Here is how the race went. Everyone lined up at the starting gate - all 10,000 of us. The announcement to start went and... everyone stood there. 10,000 people cannot start on a dime and it took awhile for the wave of movement to reach where I was. When it did, everyone immediately started jogging forward... and then stopped as they realized that there was nowhere to run to because there was still a huge mass of people immediately ahead. We started again, walking slowly, then faster and faster. Around this time we crossed the starting line.[According to the Calgary Herald, it took over 15 minutes for everyone to cross the starting line, a point at which the race's winner - final time 30m45s - was at the halfway point] The crowd started to spread out and people started jogging and running.

My strategy was to run to each 1 km marker, then walk for two minutes, repeating until I got to the finish line.

At the 5 km mark I passed Sherrie, a coworker, "I didn't think I'd be passing you" I said (Sherrie is in much better shape than I am, plus she's six feet tall, so I can't even use my long stride as an advantage). She was running with her son Gavin (His first 10 km race), lucky for me she would slow down to allow Gavin to keep up with her. We spent the rest of the race passing each other repeatedly.

On the home stretch, 4th street, the participants encountered the only assholes of the race. The first was a pickup truck that cut across the race route. The driver revved his engine really loudly to let us all know that he was In A Hurry. Jerk.

The other was a heckler [What kind of moron heckles a foot race?]. He was making panting/grunting noises (i.e. like he was out of shape and running a race, G-harf G-harf) as I ran by - he may even have been directing them at me, but I wasn't really paying attention. However, the guy who was running right behind me yelled "Hey fatty, let's see you come out here and run." This shut the heckler up pretty quick.

The jerks were far far outweighed by the great people along the route shouting encouragement, the live bands, the volunteers, the extremely well-organized race officials and especially the people who in Roxboro who aimed their sprinklers at me.[Providing a much appreciated respite from the 25 degree heat.]

Sherrie and Gavin passed me for the last time with only 1 Km left to go. I poured on the speed and ran across the finish line about 50 meters behind them. However, the race was not a simple first-across-the-finish-line contest. All of the participants were given racing chips which measure when you cross the start and finish line and give the difference. As Sherrie, Gavin and I all started out at different times we should have gotten wildly different times.

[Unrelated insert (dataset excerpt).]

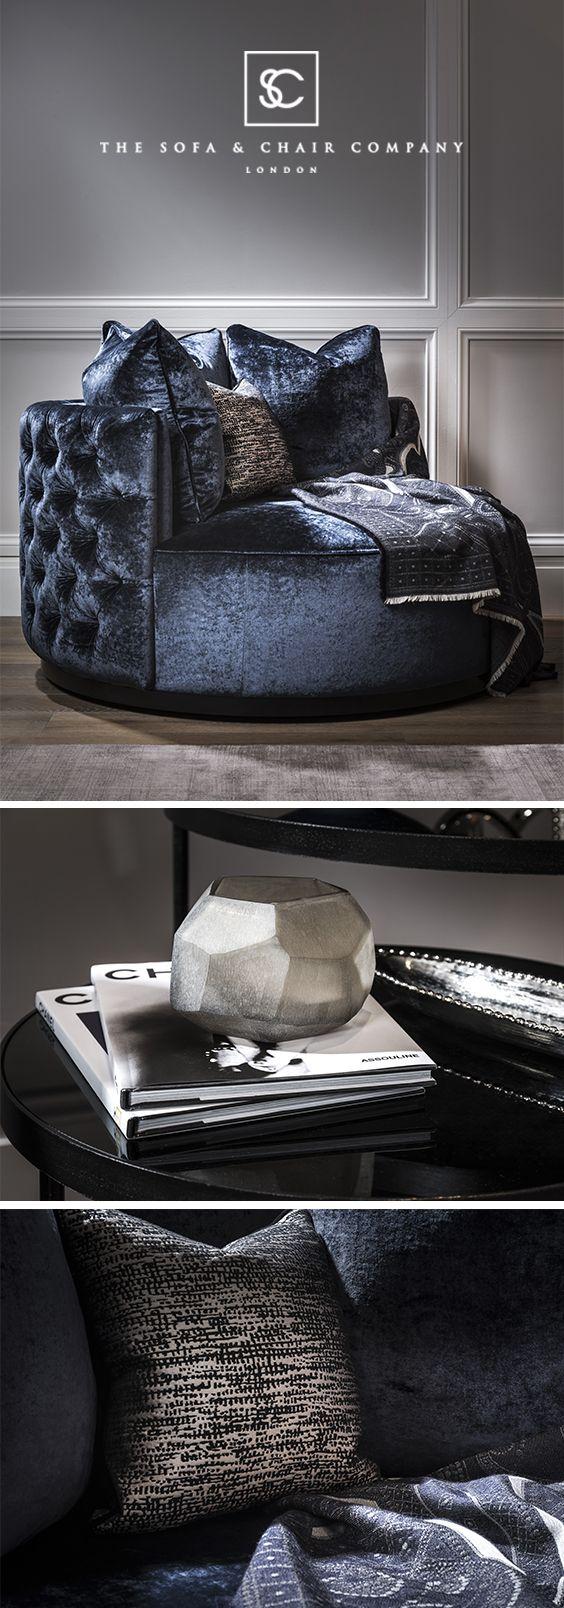 The Sofa & Chair Company   Luxury Interiors   Bespoke & Handmade Furniture   Designed in London

Monday's paper had the official race results, our standings (place, time and name):

2124, 1:13:47, Sherrie
2125, 1:13:47, James
2126, 1:13:47, Gavin
Sigh, she beat me by less than a second.

Well, I'm going to Vancouver next week, so don't expect anything via email that week. Afterwards, I'll probably talk about my coastal adventures (as opposed to my Postal Adventures, which I can't talk about due to the publication ban the judge put on the whole sordid affair).